## SOURCE DATA
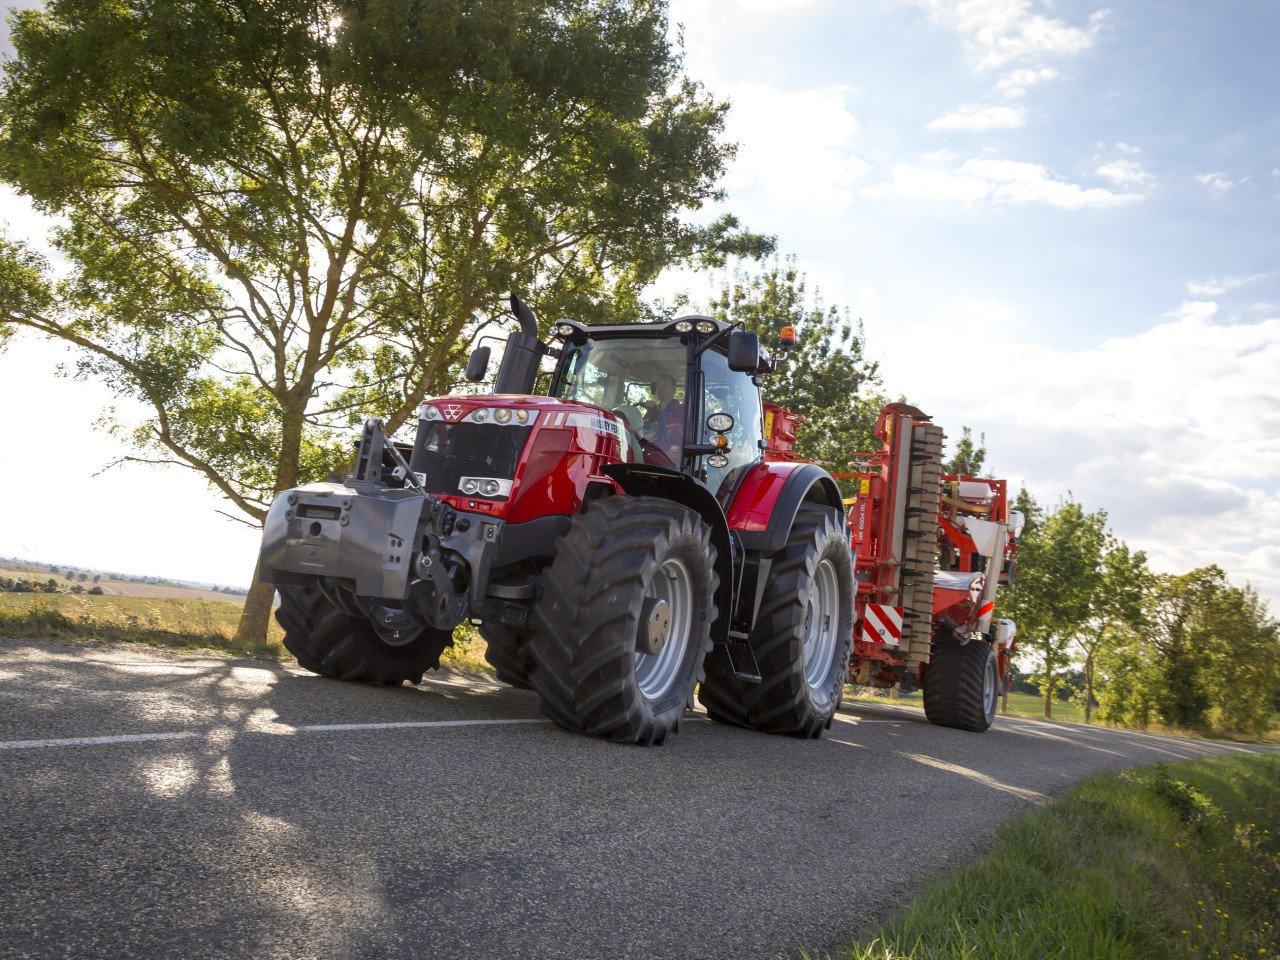 Трактор Массей Фергюсон 8737: купити MF 8737 в Україні - Bizontech
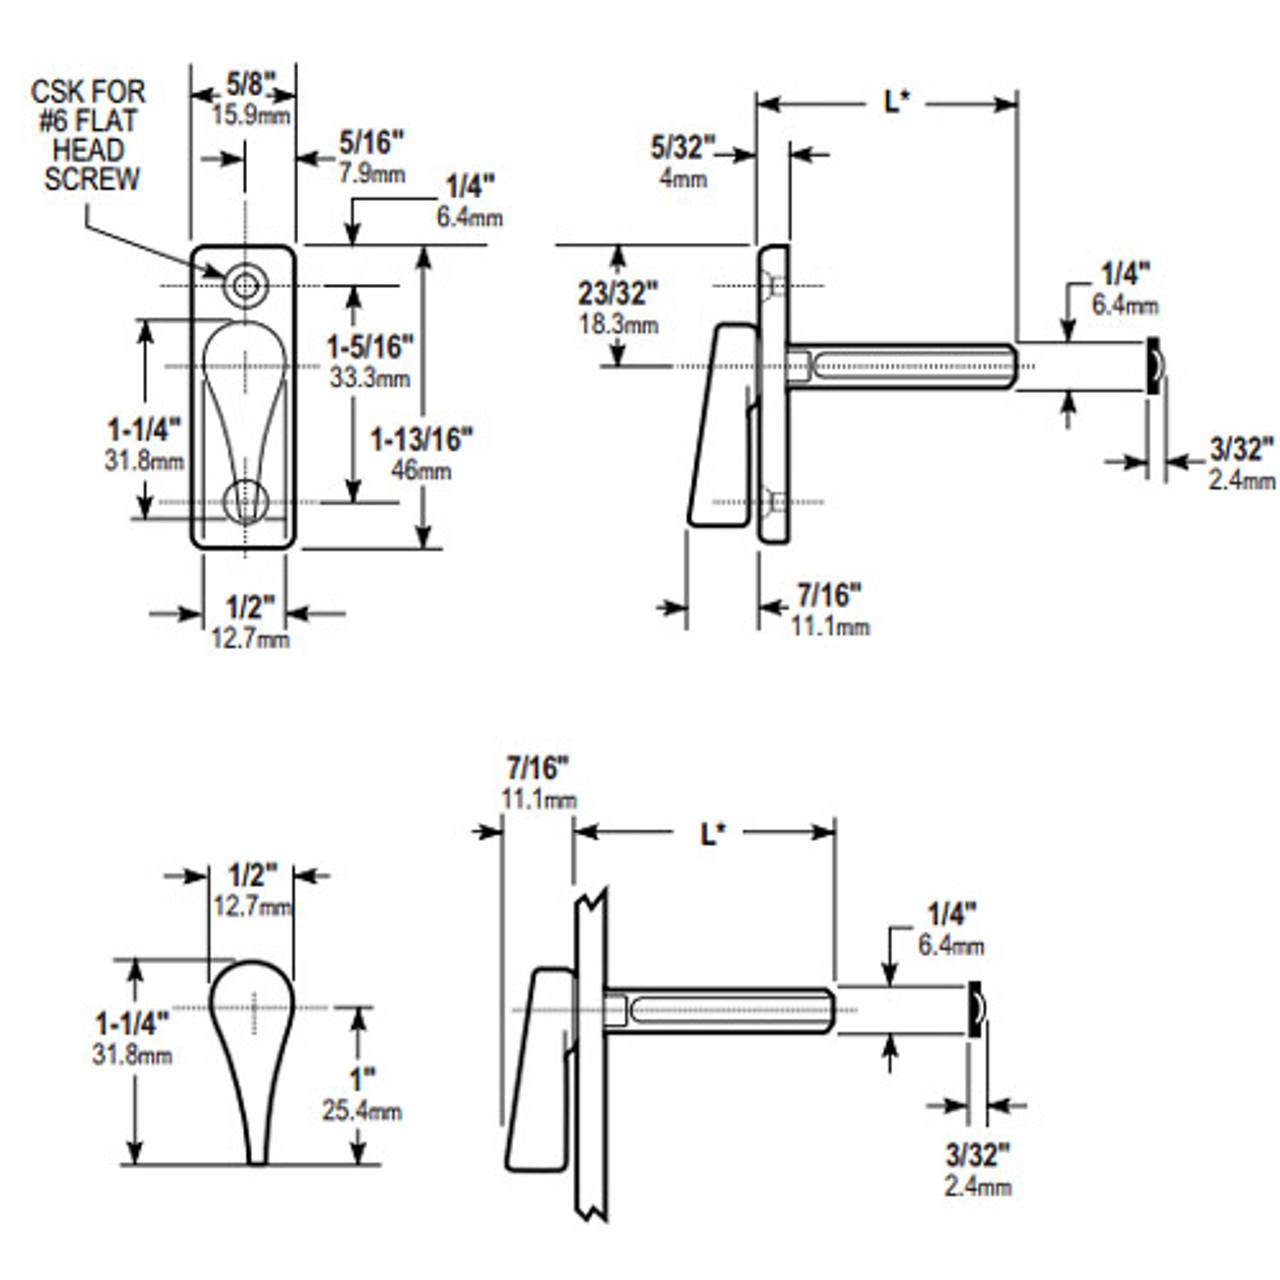 1000-02-14-119 Adams Rite 1000 Series Turns Dimensional View
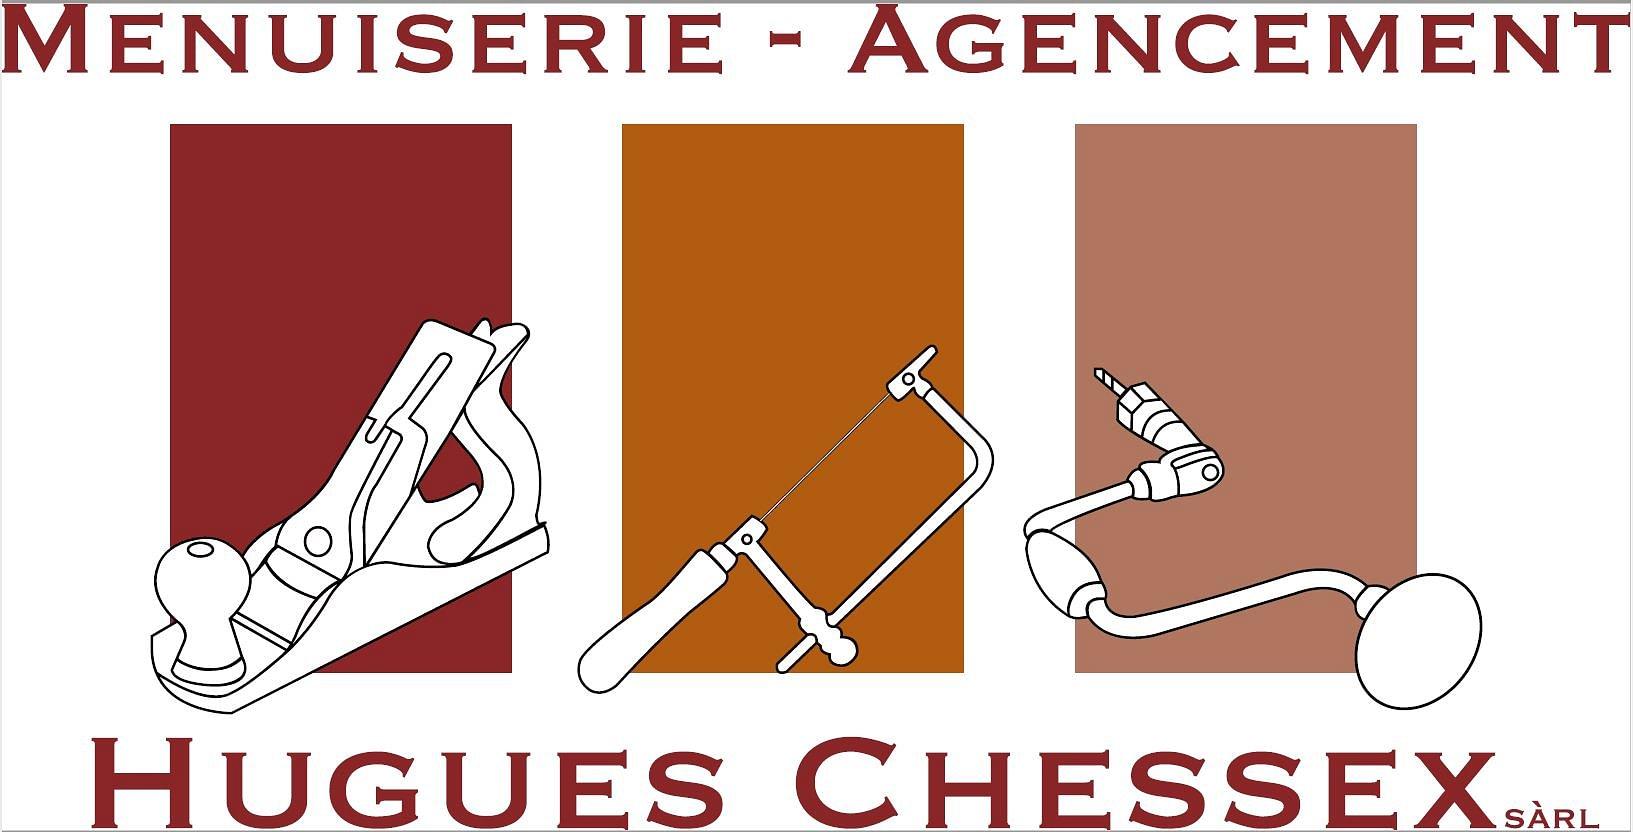 Menuiserie-Agencement Hugues Chessex Sàrl

## EXERCISE GOAL
What you return should match the material line for line, with the images removed.

## COMPLETED EXERCISE
 Трактор Массей Фергюсон 8737: купити MF 8737 в Україні - Bizontech
 1000-02-14-119 Adams Rite 1000 Series Turns Dimensional View
 Menuiserie-Agencement Hugues Chessex Sàrl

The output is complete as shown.